On page 864 the Burger King example is introduced with a subset of items from
the menu.
```{r}
BK <- read.csv("http://nhorton.people.amherst.edu/sdm4/data/BK_items.csv", 
               stringsAsFactors = FALSE)
BKmod <- lm(Calories ~ Carbs.g. + Meat. + Carbs.g.*Meat., data = BK)
msummary(BKmod)
```
The same predicted values can be calculated using this model.

```{r}
BKfun <- makeFun(BKmod)
BKfun(Carbs.g = 53, Meat = "Y")
BKfun(Carbs.g = 43, Meat = "N")
```

### Section 29.2: Diagnosing Multiple Regression Models

Below are 6 plots made using the `mplot` function. These all work to better inform decisions when interpreting extreme values / the appropriateness of the model. Whilst the normal quantile and residual plots test the assumptions of the multiple regression model, the plots involving Cook's Distance and leverage help us identify possible outliers. 

```{r message = FALSE}
BK <- mutate(BK, resid = resid(BKmod), fitted = fitted(BKmod),
             student = rstudent(BKmod), CooksD = cooks.distance(BKmod))
mplot(BKmod, which = 1)
mplot(BKmod, which = 2)
mplot(BKmod, which = 3)
mplot(BKmod, which = 4)
favstats(~ CooksD, data = BK)
filter(BK, Carbs.g. > 66)
mplot(BKmod, which = 5)
mplot(BKmod, which = 6)
```

### Section 29.3: Building Multiple Regression Models

Using the Infant Mortality data used in the step by step example on page 874, we can create a linear model of all the variables except `State`. To do this we can use `.` to specify adding all the variables to the model and then `-State` to remove `State` from the model.  (Note that the dataset made available with the textbook does not correspond to the analyses in the book, so it is not possible to completely replicate the analyses in this section.)

```{r message=FALSE}
InfantMortality <- read_csv("http://nhorton.people.amherst.edu/sdm4/data/Infant_Mortality.csv")

lmInfant <- lm(Infantmort ~ . -State, data = InfantMortality)
msummary(lmInfant)
gf_point(rstudent(lmInfant) ~ fitted(lmInfant))
gf_dhistogram(~ rstudent(lmInfant), binwidth = 0.5, center = 0.25)
```

The `summary` output shows that only two of the variables are significant at the 5% level.

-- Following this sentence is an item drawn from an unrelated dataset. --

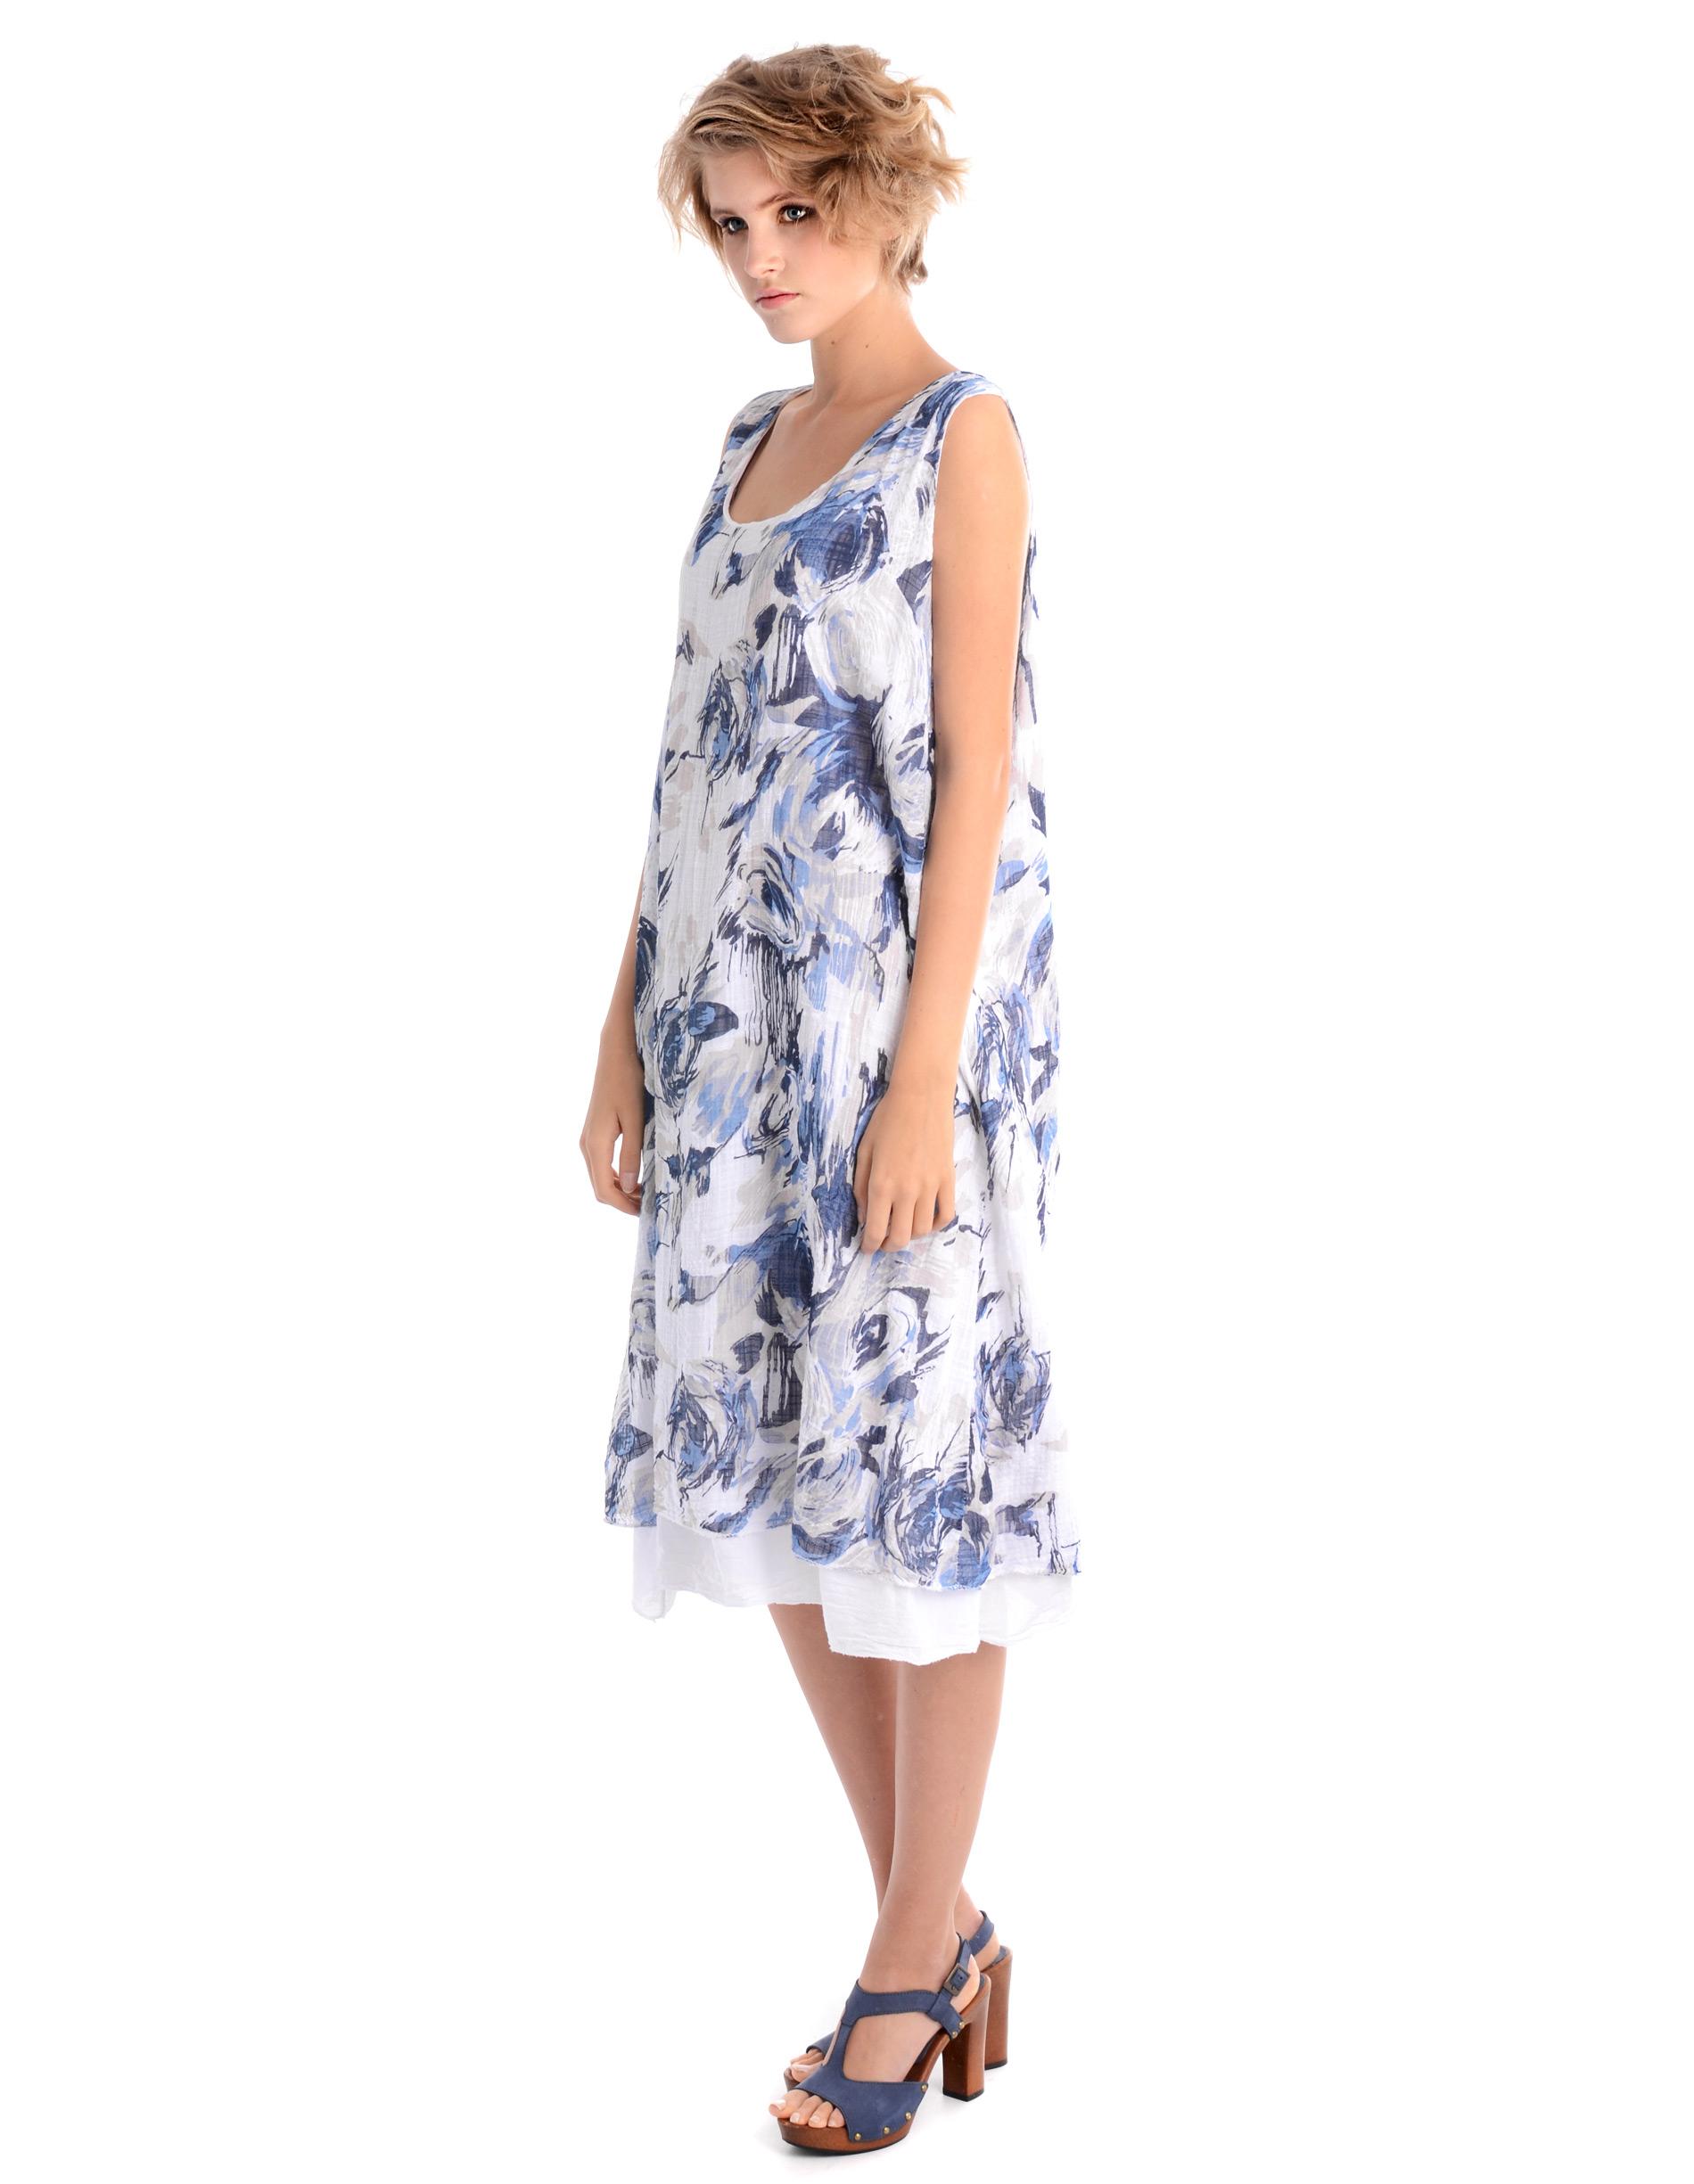 Sukienka - 52-11348 BIAN - Unisono
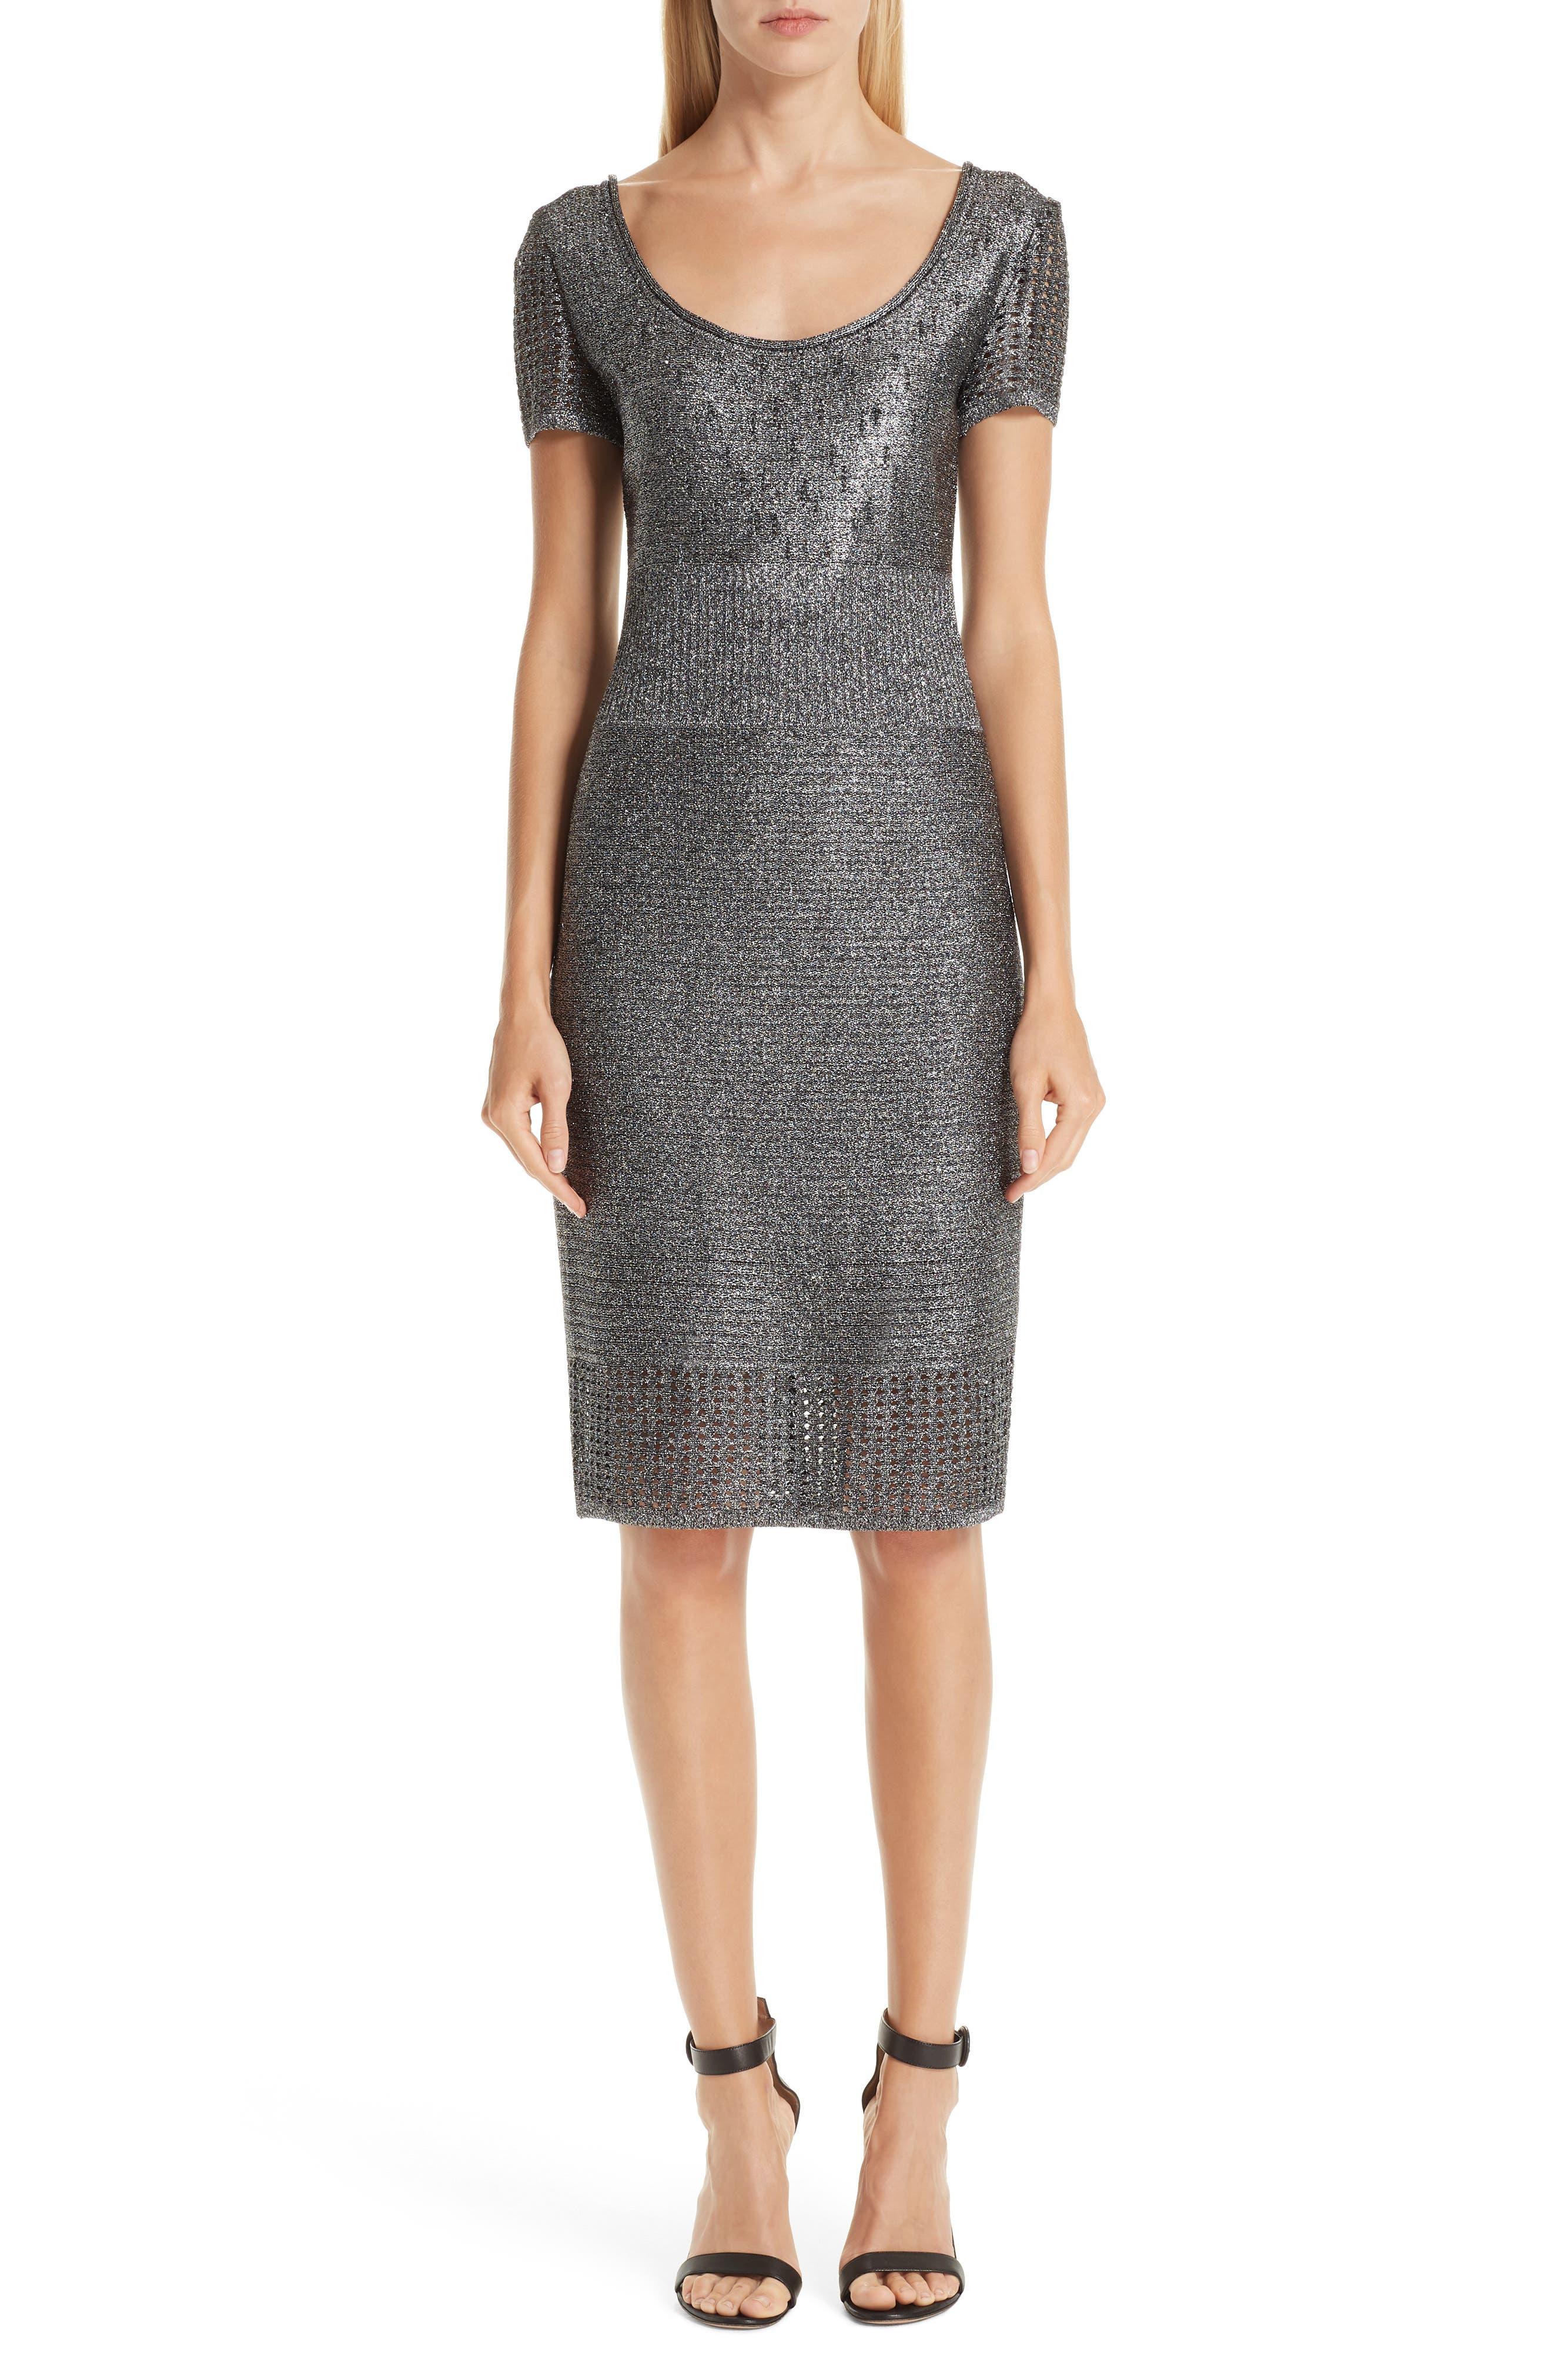 ST. JOHN COLLECTION, Metallic Plaited Mixed Knit Dress, Main thumbnail 1, color, GUNMETAL/ CAVIAR

This could be due to multicollinearity. A correlation matrix will help identify variables that are strongly correlated.

```{r}
select(InfantMortality, -State) %>%
  cor()
```

From this we see that `HSdrop`, `TeenBirths` and `TeenDeaths` are correlated. They are also the three least significant variables in the full model so it might not be unreasonable to remove them from the model.

```{r}
lmInfant2 <- lm(Infantmort ~ . -State -TeenDeaths -TeenBirths -HSdrop, data = InfantMortality)
msummary(lmInfant2)
```

Notice that the $R^2$ of this final model is 0.689: this is different from that reported in the book. 

There are a number of approaches when choosing the 'best' model and that different models may be better or worse given the constraints/specifications of the problem: much of this is left for more advanced courses.